Return only this: the line with "Behind Watashi wa" and all the lines that follow it below, through the final one, exactly as they are.

> **Given data**
____

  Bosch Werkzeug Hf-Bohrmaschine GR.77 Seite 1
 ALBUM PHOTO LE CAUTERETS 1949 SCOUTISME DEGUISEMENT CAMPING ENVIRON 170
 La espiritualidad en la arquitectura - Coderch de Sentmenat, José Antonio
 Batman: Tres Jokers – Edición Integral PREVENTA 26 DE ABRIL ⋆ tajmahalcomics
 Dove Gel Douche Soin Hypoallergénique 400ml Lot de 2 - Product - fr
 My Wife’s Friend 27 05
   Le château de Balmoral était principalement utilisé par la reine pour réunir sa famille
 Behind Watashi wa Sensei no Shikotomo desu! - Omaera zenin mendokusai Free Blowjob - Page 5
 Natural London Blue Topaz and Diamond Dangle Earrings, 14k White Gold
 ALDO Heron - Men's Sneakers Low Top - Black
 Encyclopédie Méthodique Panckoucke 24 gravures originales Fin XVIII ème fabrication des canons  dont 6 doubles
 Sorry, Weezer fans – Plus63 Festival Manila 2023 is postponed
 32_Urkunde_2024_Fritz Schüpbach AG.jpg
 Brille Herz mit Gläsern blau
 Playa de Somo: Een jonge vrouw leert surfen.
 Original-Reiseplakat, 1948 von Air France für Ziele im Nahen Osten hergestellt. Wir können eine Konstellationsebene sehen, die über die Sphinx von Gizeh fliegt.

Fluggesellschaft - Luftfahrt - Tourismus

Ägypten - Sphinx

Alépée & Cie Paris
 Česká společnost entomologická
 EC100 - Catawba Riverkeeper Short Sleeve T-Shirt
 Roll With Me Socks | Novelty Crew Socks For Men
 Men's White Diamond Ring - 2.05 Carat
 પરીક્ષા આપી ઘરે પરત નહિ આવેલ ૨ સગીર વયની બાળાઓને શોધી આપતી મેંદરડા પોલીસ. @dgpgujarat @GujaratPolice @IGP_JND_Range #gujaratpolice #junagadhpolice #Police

____

> **Answer for this exercise**
 Behind Watashi wa Sensei no Shikotomo desu! - Omaera zenin mendokusai Free Blowjob - Page 5
 Natural London Blue Topaz and Diamond Dangle Earrings, 14k White Gold
 ALDO Heron - Men's Sneakers Low Top - Black
 Encyclopédie Méthodique Panckoucke 24 gravures originales Fin XVIII ème fabrication des canons  dont 6 doubles
 Sorry, Weezer fans – Plus63 Festival Manila 2023 is postponed
 32_Urkunde_2024_Fritz Schüpbach AG.jpg
 Brille Herz mit Gläsern blau
 Playa de Somo: Een jonge vrouw leert surfen.
 Original-Reiseplakat, 1948 von Air France für Ziele im Nahen Osten hergestellt. Wir können eine Konstellationsebene sehen, die über die Sphinx von Gizeh fliegt.

Fluggesellschaft - Luftfahrt - Tourismus

Ägypten - Sphinx

Alépée & Cie Paris
 Česká společnost entomologická
 EC100 - Catawba Riverkeeper Short Sleeve T-Shirt
 Roll With Me Socks | Novelty Crew Socks For Men
 Men's White Diamond Ring - 2.05 Carat
 પરીક્ષા આપી ઘરે પરત નહિ આવેલ ૨ સગીર વયની બાળાઓને શોધી આપતી મેંદરડા પોલીસ. @dgpgujarat @GujaratPolice @IGP_JND_Range #gujaratpolice #junagadhpolice #Police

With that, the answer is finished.